3. The insurance coverage has increased

The insurance coverage has increased to telemedicine too accounting for increasing physical distance. The guidelines issued by MCI enables Registered Medical Practitioners to provide healthcare using telemedicine, and so insurers have now been advised to allow claim settlement for telemedicine consultation as per the terms and conditions of the policy contract.

4. Standardisation 

The policy has sought for standardisation of important product clauses such as disclosure of material facts, settlement of claims, policy cancellation, etc. in their policies so that customers can understand these clauses in the insurance policy easily and can compare products across insurers. There is an option to add additional terms and clauses to allow for more informed choice from the customer.

5.Payment of health insurance premiums through EMIs

There is a new option for the insured to make premium payments in the form of EMIs giving them more flexibility in payments. However, this is subject to the application by each health insurer.

6. Norms on proportionate deductions

The guidelines issued on proportionate deductions of claims is especially useful for policy holders who choose a higher category of hospital room than what is allowed by the capping of insurance policy, as consultation fees and the like proportionately increase with a higher category room.

Associate medical expenses are to be clarified in the contract itself as per the new guidelines. This might result in disallowing the costs of consumables and pharmacy, implants and medical devices, and diagnostics under this category.

Additionally, insurers are not allowed to add any proportionate deduction for ICU charges in lieu of the fact that ICUs cannot be further categorised.

7. Claims cannot be rejected after 8 years

If the health insurance policy holder has been consistently paying his premium for a period of 8 years or more, then claims cannot be rejected by the insurer except in the case of fraud or permanent exclusion. The 8 year period is the moratorium period.

8. Wellness benefits 

In order to incentivise healthy lives, the recent guidelines stress on rewarding policy holders on the basis of preventive and wellness habits. This is done by disclosing upfront, mechanisms or incentives in the prospectus and the policy document, that incentivize individuals to monitor and improve their health.
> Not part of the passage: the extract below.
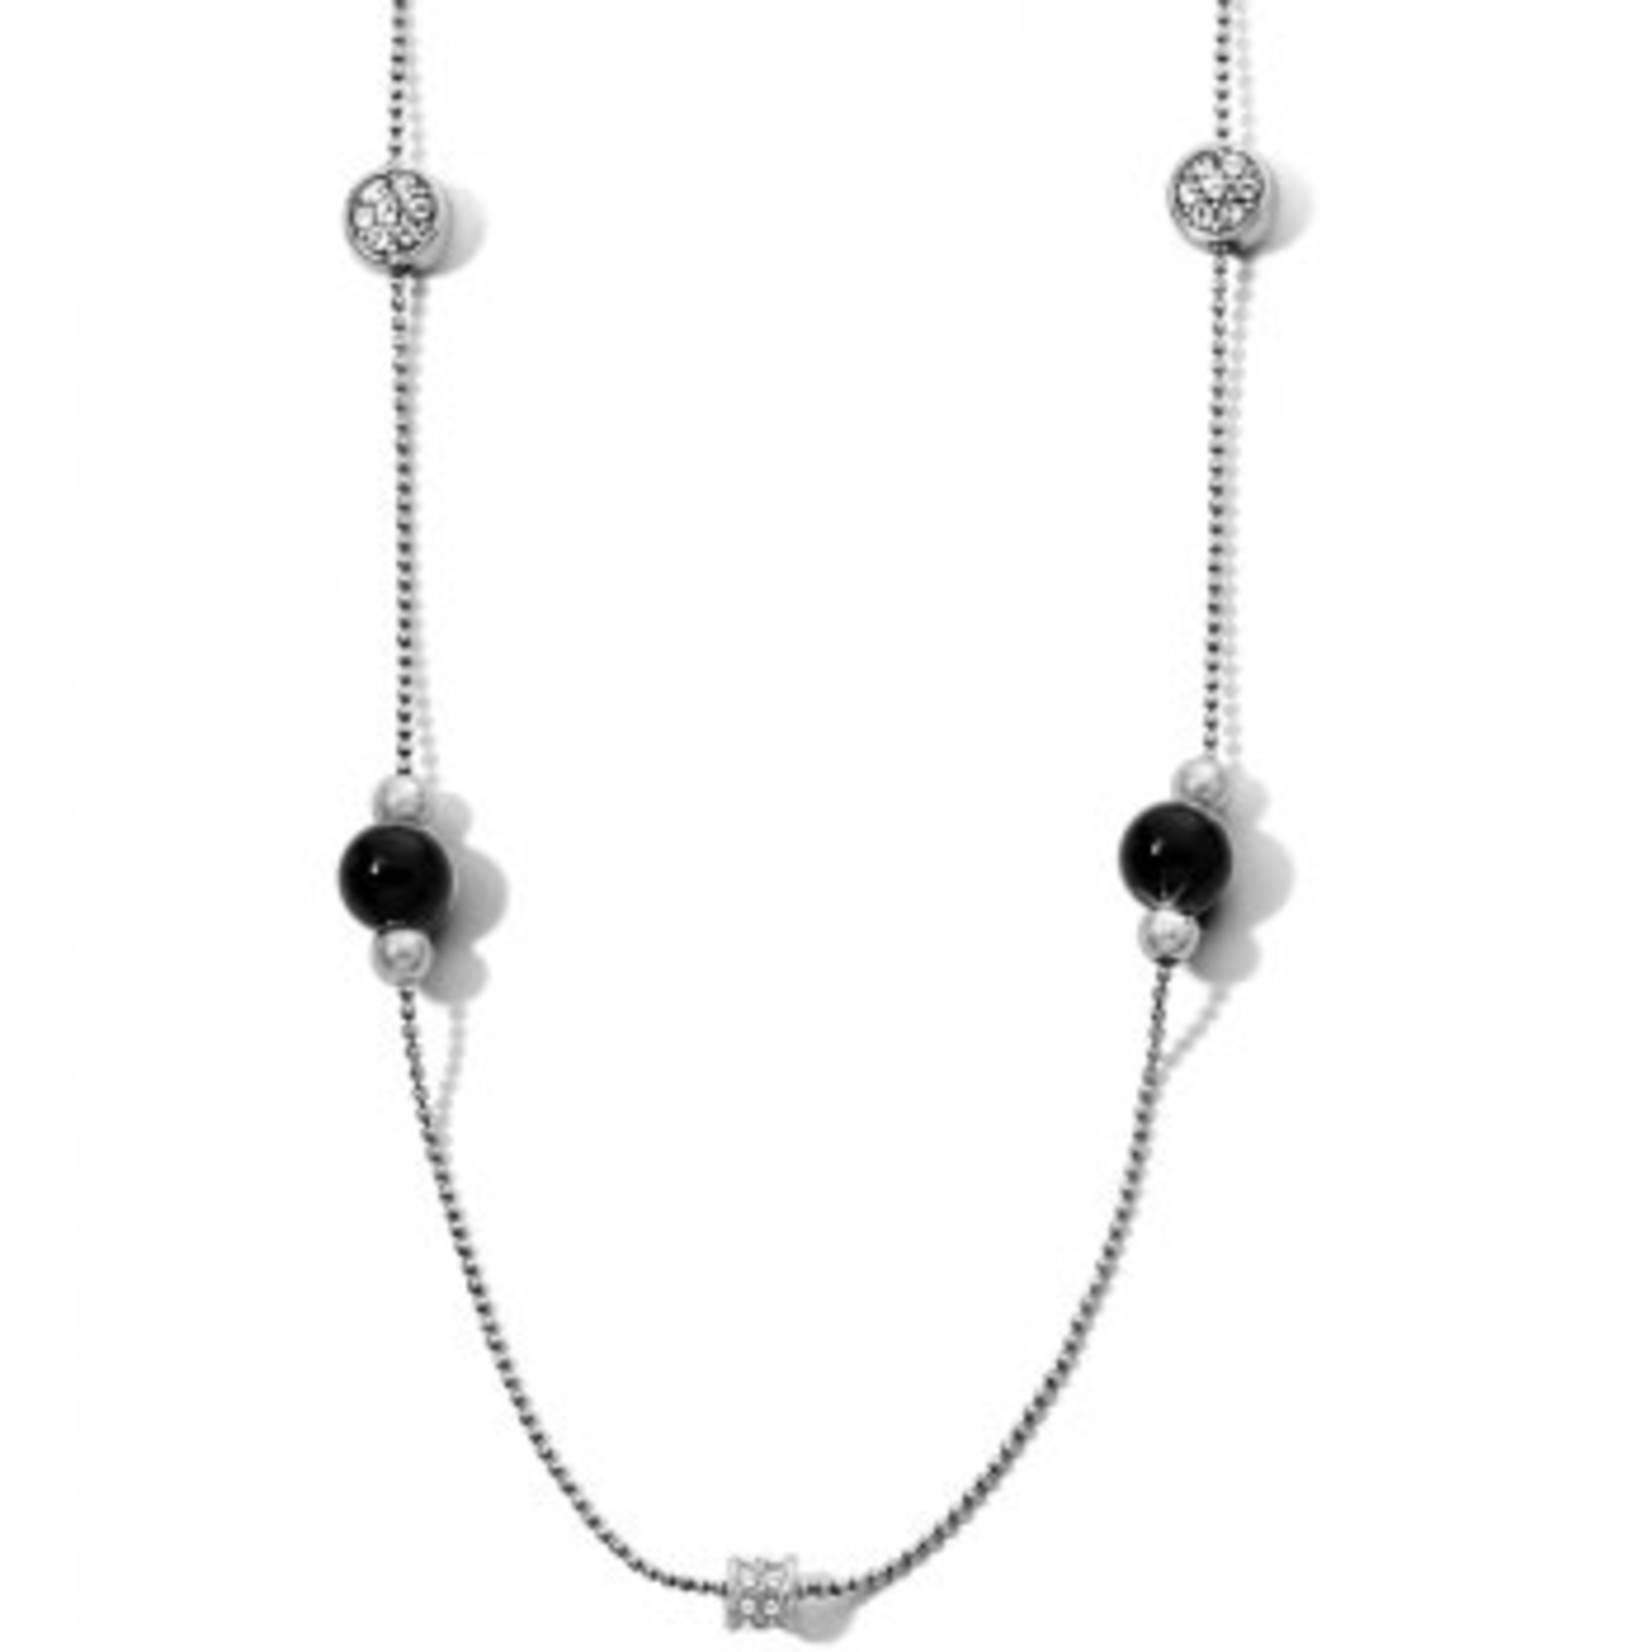 Brighton Meridian Prime Long Necklace Silver-Black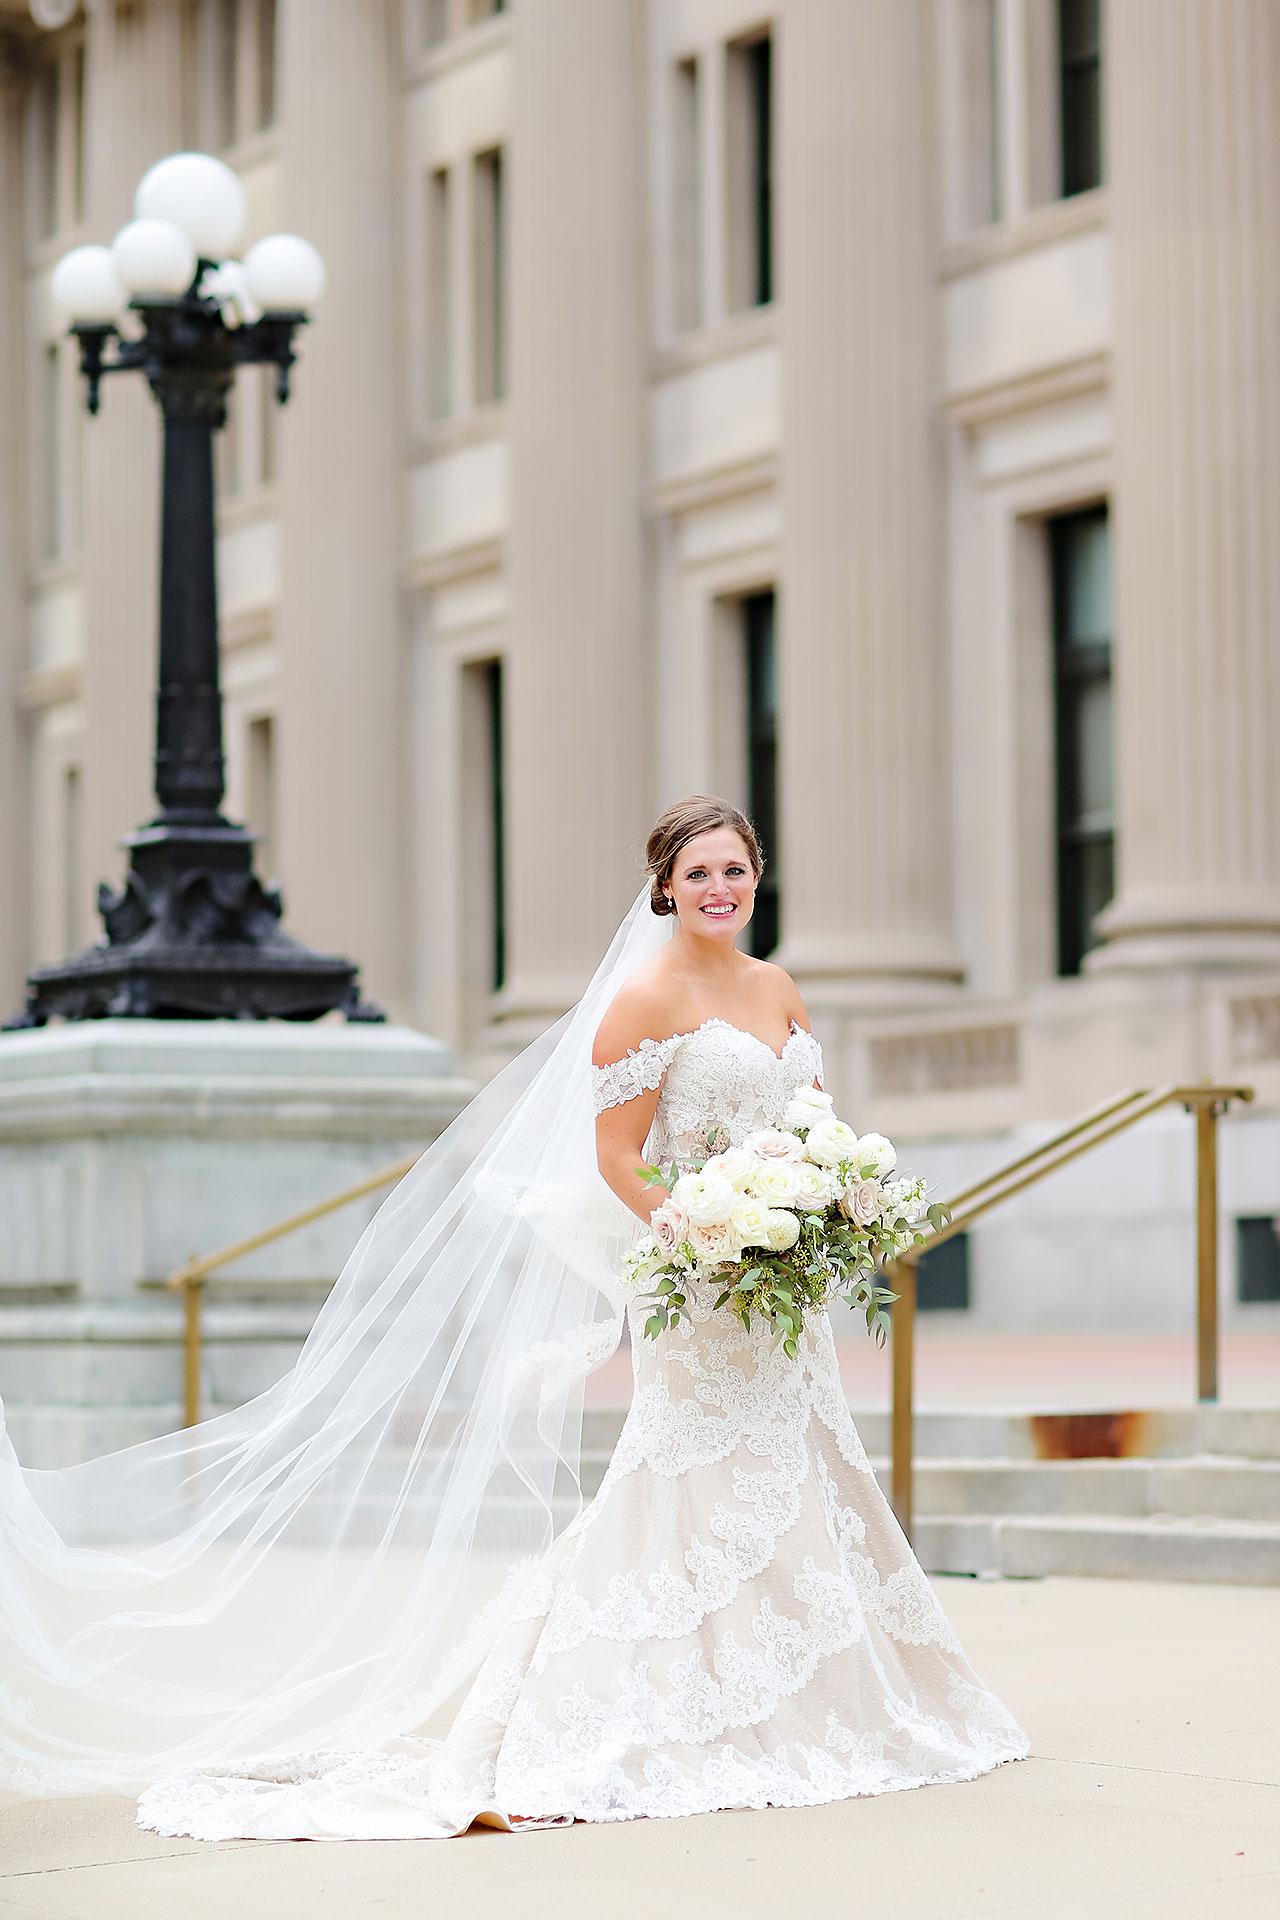 Erika Scott Regions Tower Indianapolis Wedding 201

9. Launch of several pilot products

The IRDAI has encouraged insurance companies to launch several health insurance products to cover risks that were outside the ambit of health insurance policies all these years. There are several continuity benefits being introduced and the insurers are also encouraged to try and test new products.

10. Shorter turnaround time

As per the new guidelines, the insurer has to settle/ reject health insurance claims within a period of 30 days from the date the claim is received. Any delays will incur penalties for the insurance company.

Conclusion 

An adequate health insurance cover, for not just oneself but his or her family too, has become the need of the times. The government recognizing the importance of this has incentivized and made the insurance process simpler and more cost effective. It is best that one takes advantage of these new guidelines and secures the lives and future of his or her family.

Frequently asked questions

  1. Can claims made by a policyholder who has insurance for 10 years be rejected?
    No, the new guidelines have clearly stated that any claims made by policyholders after crossing the moratorium period of 8 years cannot be rejected.
  1. What is the penalty that the insurance company has to pay if the claims are not settled on time?
    The reimbursement of the claim has to happen within 30 days failing which a penalty of 2% above the applicable bank rate must be paid on the claim amount.
  1. Will mental illness be covered under health insurance policies?
    Yes, indeed, mental illnesses will be covered.